Check out our video above, where Metro Parent chief operations operator Julia Elliott walks you through the finer points of weaving holiday goodies into layers of clingy plastic wrap. This is a great way to get your little helper elves involved and excited before those festive events, too.
Then, browse through our how-to below for some tips on what to include in your own saran wrap ball game, advice on how to get it all to stick together — and, of course, how to play the actual game.
Don’t forget: The saran wrap ball game is easy to adapt to any family or kids party. Simply stuff it with other cheap and fun goodies, whether they’re centered on a theme or a kid’s favorite candies and snacks.
Got some great ideas or pointers?
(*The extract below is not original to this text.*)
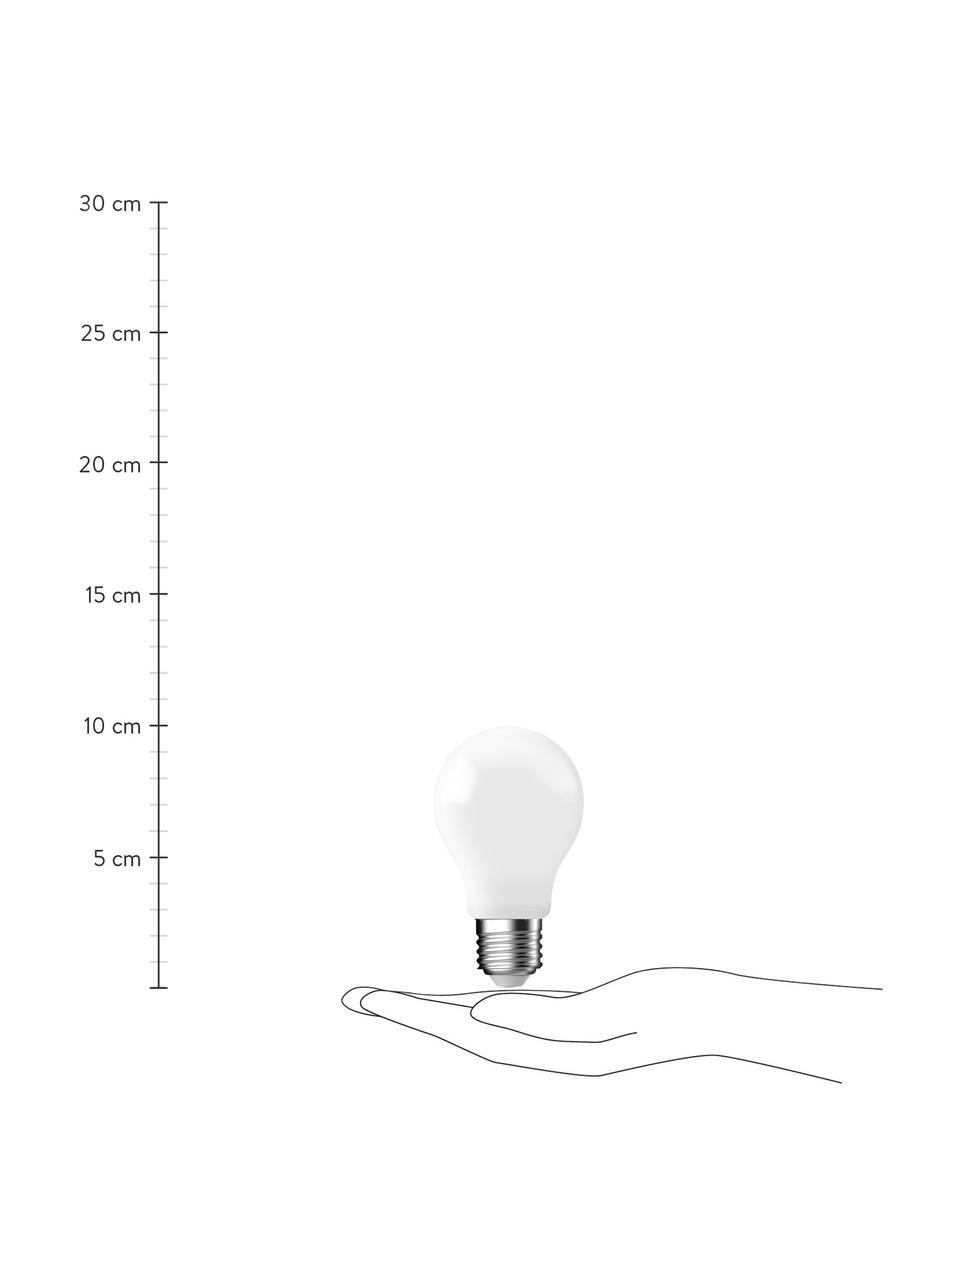 E27 Leuchtmittel, 4.6W, warmweiß, 7 Stück, Leuchtmittelschirm: Glas, Leuchtmittelfassung: Aluminium, Weiß, Ø 6 x H 10 cm

Let us know in the comments!
Goodies to wrap inside
Here are a few of the items Metro Parent tucked inside our saran wrap ball.
- Big Lindt Lindor ball filled with smaller milk chocolates.
- Dollar bills (even a few bucks is fun, or go for broke with a $20)
- Festive oven mitt
- Holiday socks
- A saucy kitchen towel
- A bag of Hershey’s Kisses
- A bag of Santa Reese’s Peanut Butter Cups
- Hanukkah coins
- Individual wrapped Rice Krispies Treats
- Super Dooper Reindeer Pooper treat/toy
- A bag of gummy treats (we picked Champagne Dreams, which are non-alcoholic)
- Ghirardelli chocolate squares
- Lots of small candy canes
- A sturdy ornament or two (we went with a nutcracker)
- Stuff that jingles (necklaces, more ornaments, etc.).
- Nutella & Go! self-serve containers
- Eclipse Candy Cane Peppermint gum
- Snyder’s Pretzels
- Gift cards (our choices here were Starbucks and Taco Bell)
- Flashing holiday light necklaces
Pro tip: Stumped on what to buy or on a tighter budget? Hit up your local dollar store for a variety of fun trinkets — holiday themed and otherwise.
The saran wrap
This is no time to be stingy. We got two boxes, to be safe, as we were making two saran wrap ball games. Each box had 300 feet of saran wrap. We didn’t quite go through one on the first ball — ditto the second.
We recommend having one box per ball, though you’ll likely have plenty left for the kitchen afterwards. Better safe than sorry, though.
Tips for creating the ball
Note: With a two-person team, this ball took us about 21 minutes to assemble.
- Start with the big Lindt Lindor ball as your base. We tucked in a $20 bill with it too — to the ultimate victor goes the spoils, after all! (Or, as our crafty editor-in-chief says, “Put something in there that’s sort of awesome.”) Around this core, create a foundation of saran wrap. Wrap it around the ball. Scrunch it together, wadding it in different sections.
- Along those lines, think backwards. Put your higher-ticket, more desirable items closer to the center. And save the light-up necklaces for the very end (more on that below).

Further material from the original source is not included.